|
Catching the industry's eye
“I've been contacted by Anthropolgie, Henri Bendel's in New York and Hallmark,” Zurcher says. “They're checking us out, saying ‘We're watching you to see what your designers are doing.'” Media fashionistas are standing at attention, too, as both shopscadonline.com and the Atlanta store have been highlighted in publications from Vogue to Lucky to Southern Living, as well as Martha Stewart's new magazine, Blue Print. The domestic maven even listed shopSCAD one of her top 100 favorite Web sites to visit.
Zurcher's secret? “We're willing to take more risks,” she says. “Other stores have an influx of mass-produced market items every few months, but we get limited edition items every single week—the byproduct of the artists' class creations.” Two of her biggest sellers are paintings and jewelry. “We excel in those because both are on the cutting edge of art and fashion.”

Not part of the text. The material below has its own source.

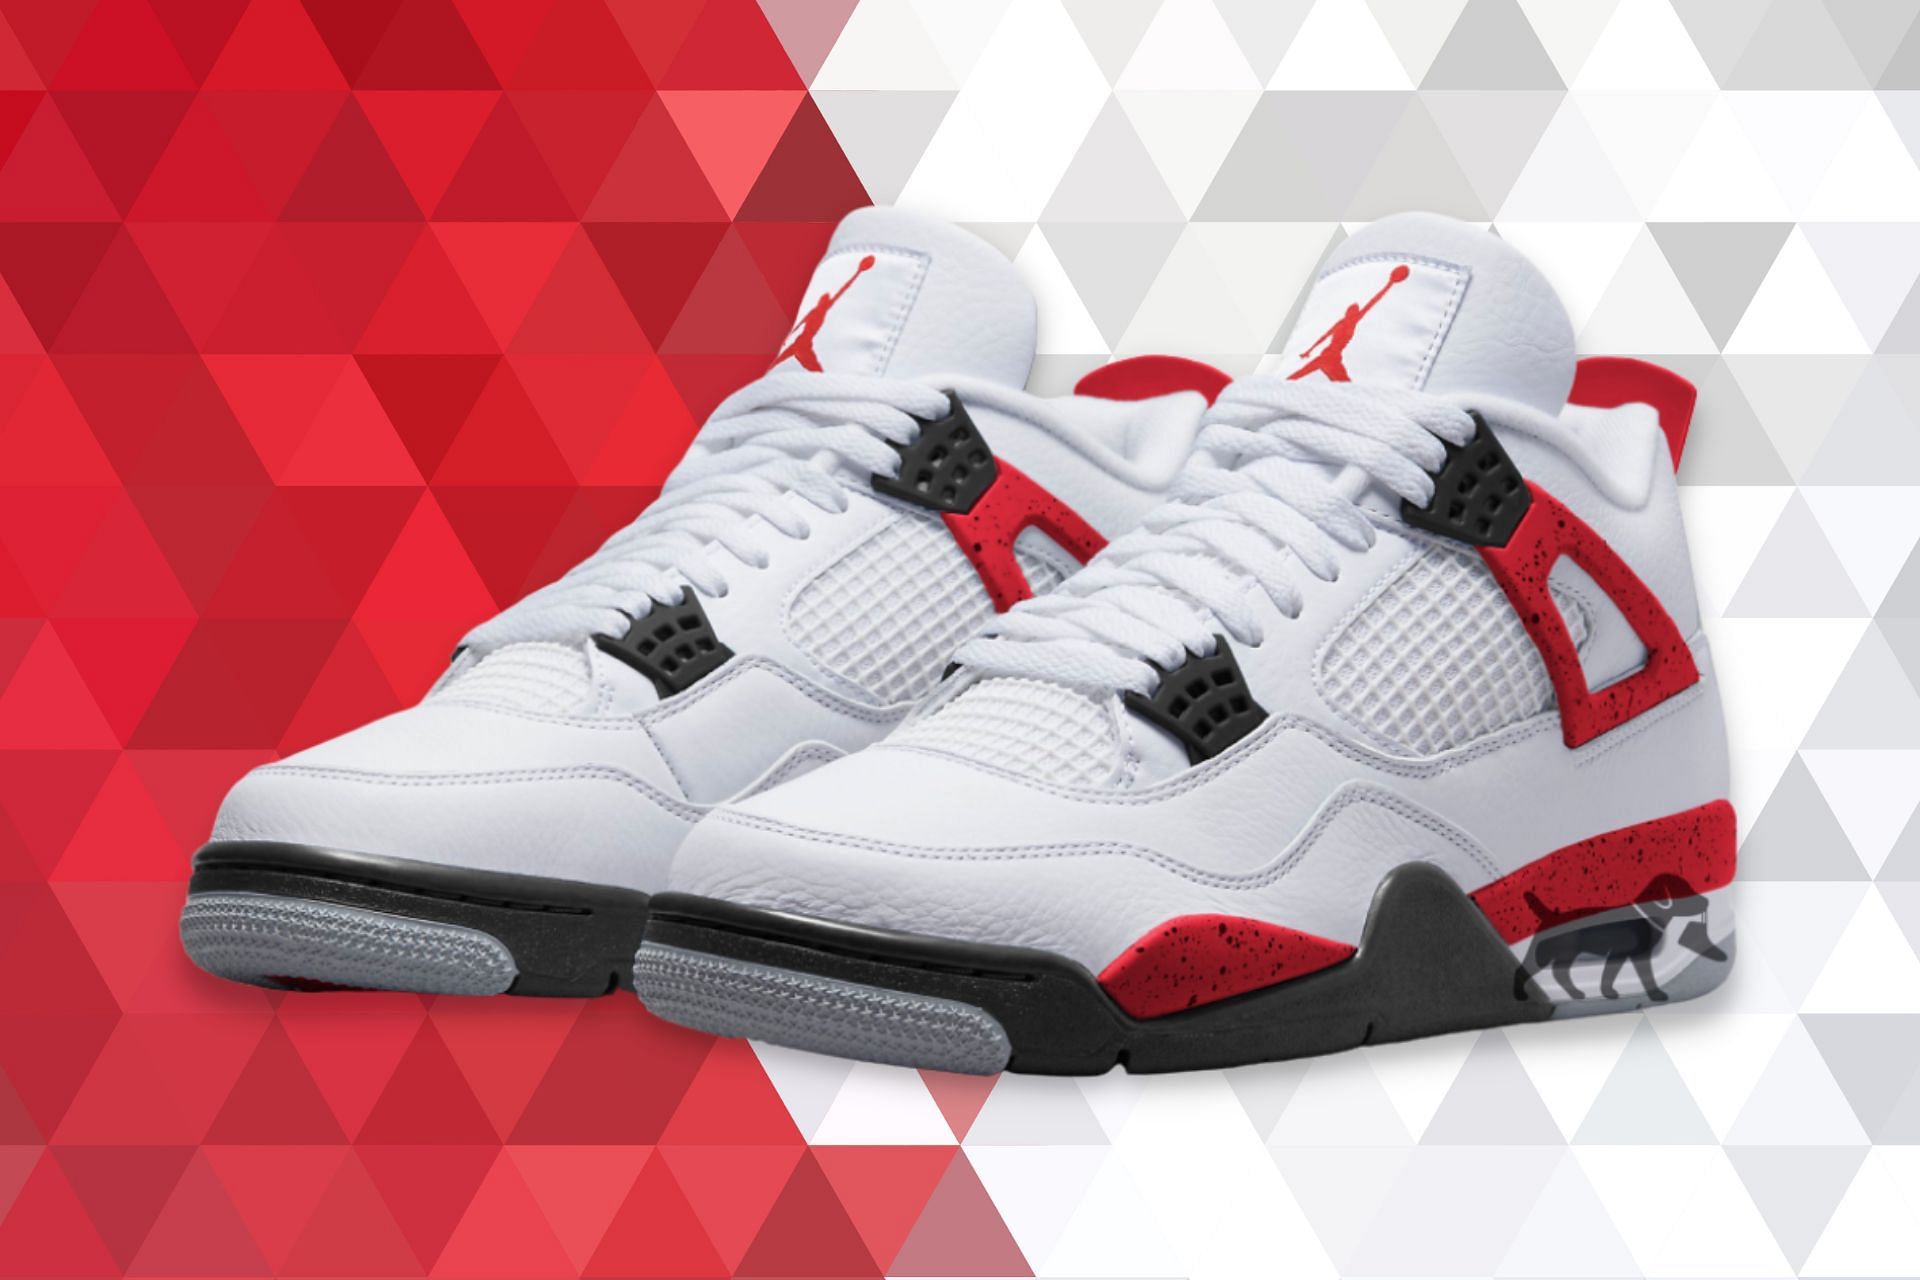 Take a closer look at the AJ4 Fire Red Twist colorway (image via Sole Retriever)

The upside, of course, is that while the word artist is usually connotative of starving, shopSCAD is positioning its artists to expand their reach (as well as their financial well-being). Faculty member Pamela Wiley recently sold her pillow designs to Anthropologie. And soon after carrying Claire Sanchez's handbags in the store, her wares were featured in Vogue. “Today, the Sanchez name is popping up all over the country,” Zurcher says.
Which is all the reward Zurcher needs: “I love working with artists and I love watching an uncertain student gain confidence in a piece they weren't sure of,” she says. “To see that come to fruition—well, it's incredible.”